Metagenomic sequencing shows promise in diagnosing airway infections
Researchers have developed a metagenomic sequencing-based approach that may improve diagnosis of lower respiratory tract infections (LRTIs) in critically ill patients.
LRTIs are the leading cause of global infectious disease deaths but remain hard to diagnose due to their resemblance to noninfectious respiratory syndromes and the limitations of existing microbiological tests.
The researchers think they have overcome these limitations by simultaneously analyzing the pathogen, airway microbiome and host response, the three main elements of acute airway infections.
LRTIs are a major public health problem. According to the World Health Organization, LRTIs killed more people in 2016 than any other type of communicable disease and were the fourth biggest killer overall. While deaths from other big killers such as heart disease and HIV fell between the 2000 and 2016 analyses, less progress was made in the reduction of deaths related to LRTIs.
The persistence of the LRTI problem is partly a product of diagnostic limitations. Sensitivity, speed and the spectrum of pathogens covered are typically suboptimal. The limitations mean contributory pathogens are never identified in three-fifths of people with community-acquired pneumonia.

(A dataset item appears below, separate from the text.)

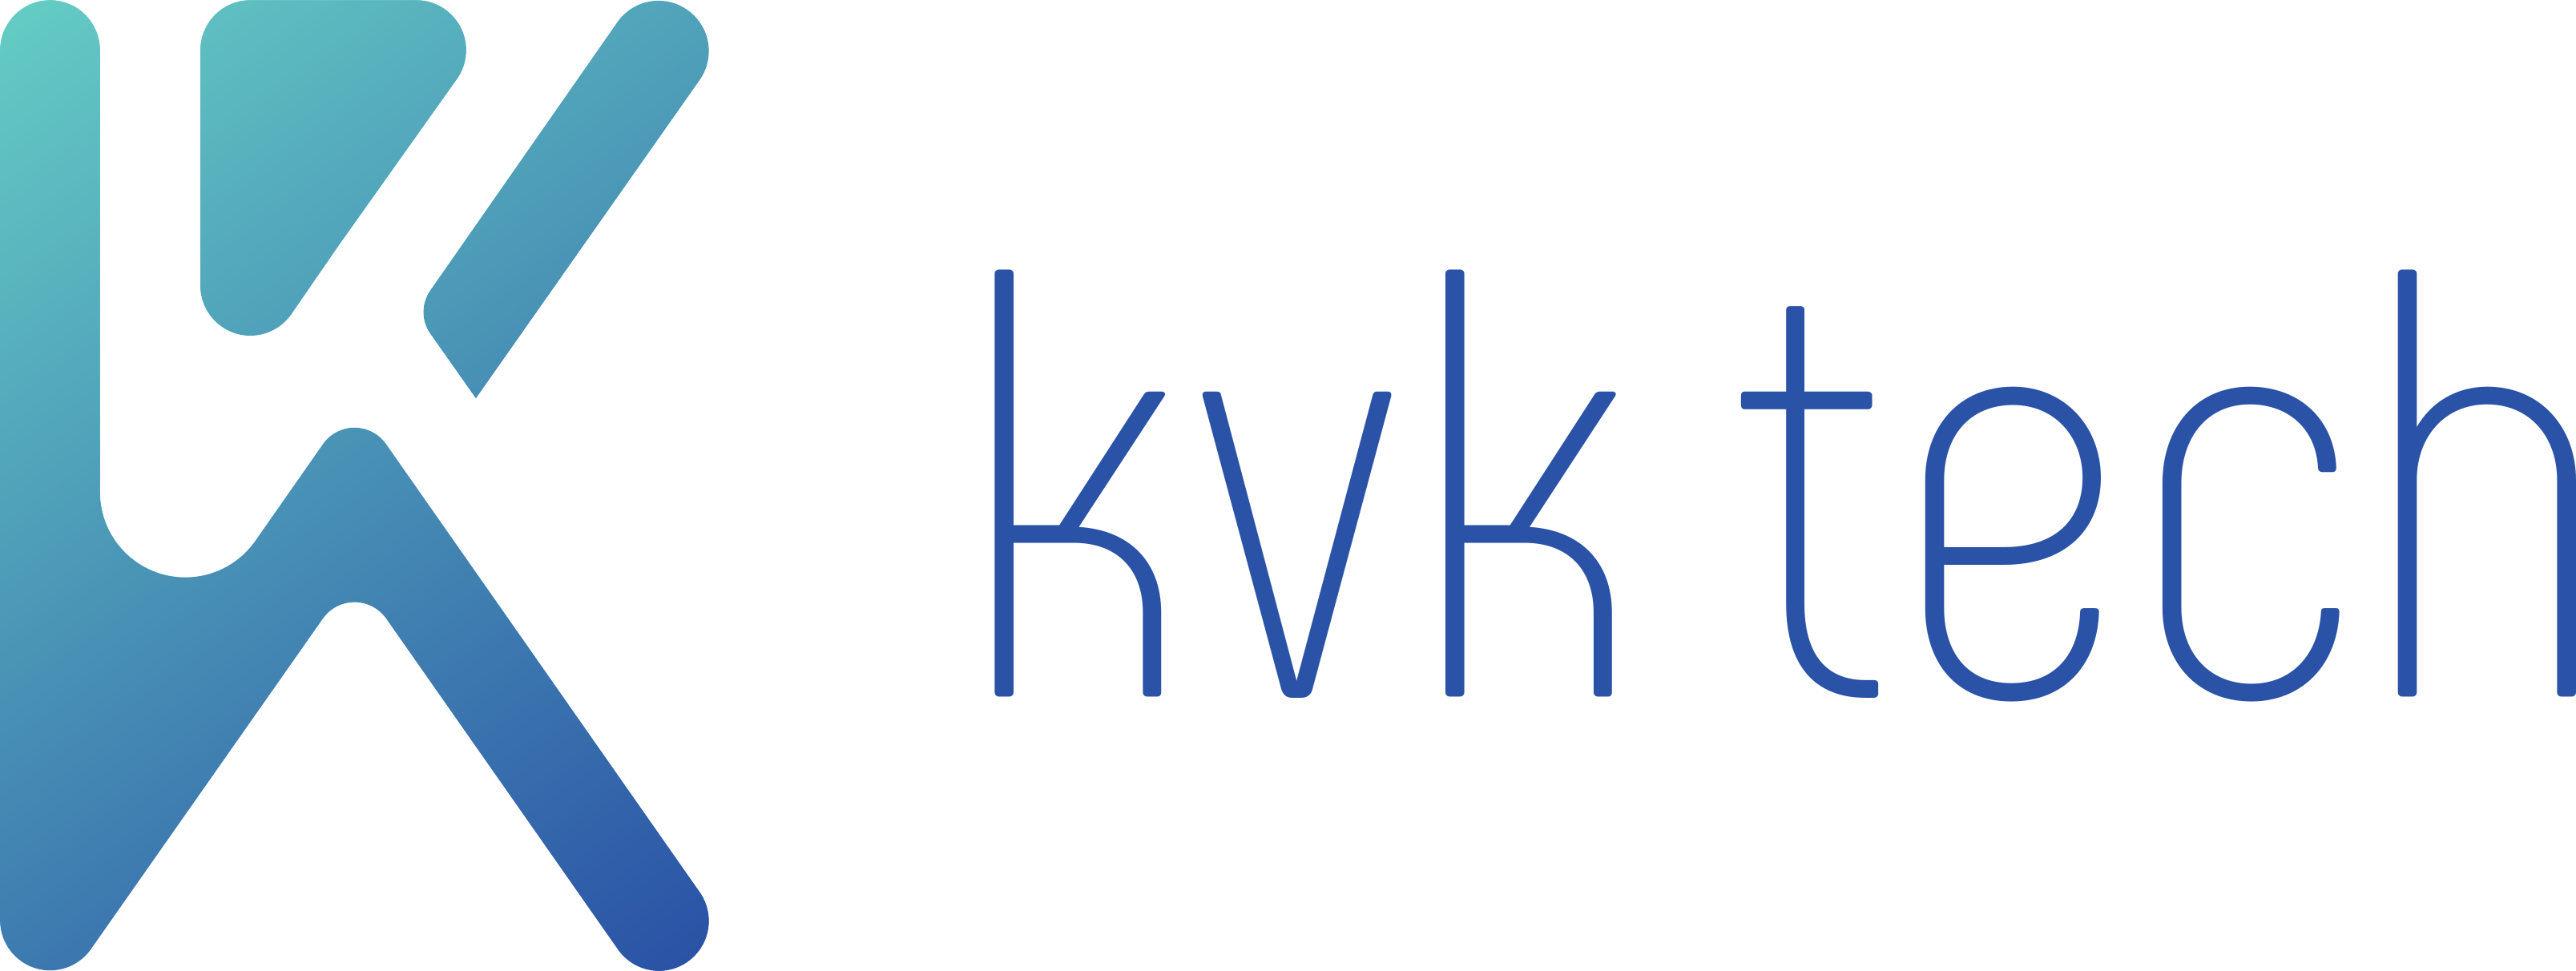 KVK Tech

Lacking a definitive microbiologic diagnosis, a physician may treat a patient as if they are suffering from a noninfectious respiratory syndrome. This can make the infection worse. Alternatively, the physician, knowing the limitations of the test, may prescribe antibiotics even in the absence of a microbiologic diagnosis. This can contribute to the emergence of drug-resistant strains.
In an attempt to remedy these problems, researchers at the University of California, San Francisco and Chan Zuckerberg Biohub developed a metagenomic sequencing-based approach to the diagnosis of LRTIs. The diagnostic builds on research into the potential for host transcriptional profiling from peripheral blood to effectively distinguish between infectious and noninfectious diseases, and tell whether the LRTI is of viral or bacterial origin.
Through a process involving DNA and RNA sequencing and bioinformatics, the researchers created ways to look at pathogens, microbiome diversity and host gene expression. Analyses of any one of these three elements of acute airway infections were unable to perfectly predict whether a patient had a LRTI. However, combining the elements resulted in a negative predictive value of 100%.
While the test had some shortcomings, such as a high false positive rate for certain pathogens, the researchers think the findings justify assessing the diagnostic in a larger validation cohort.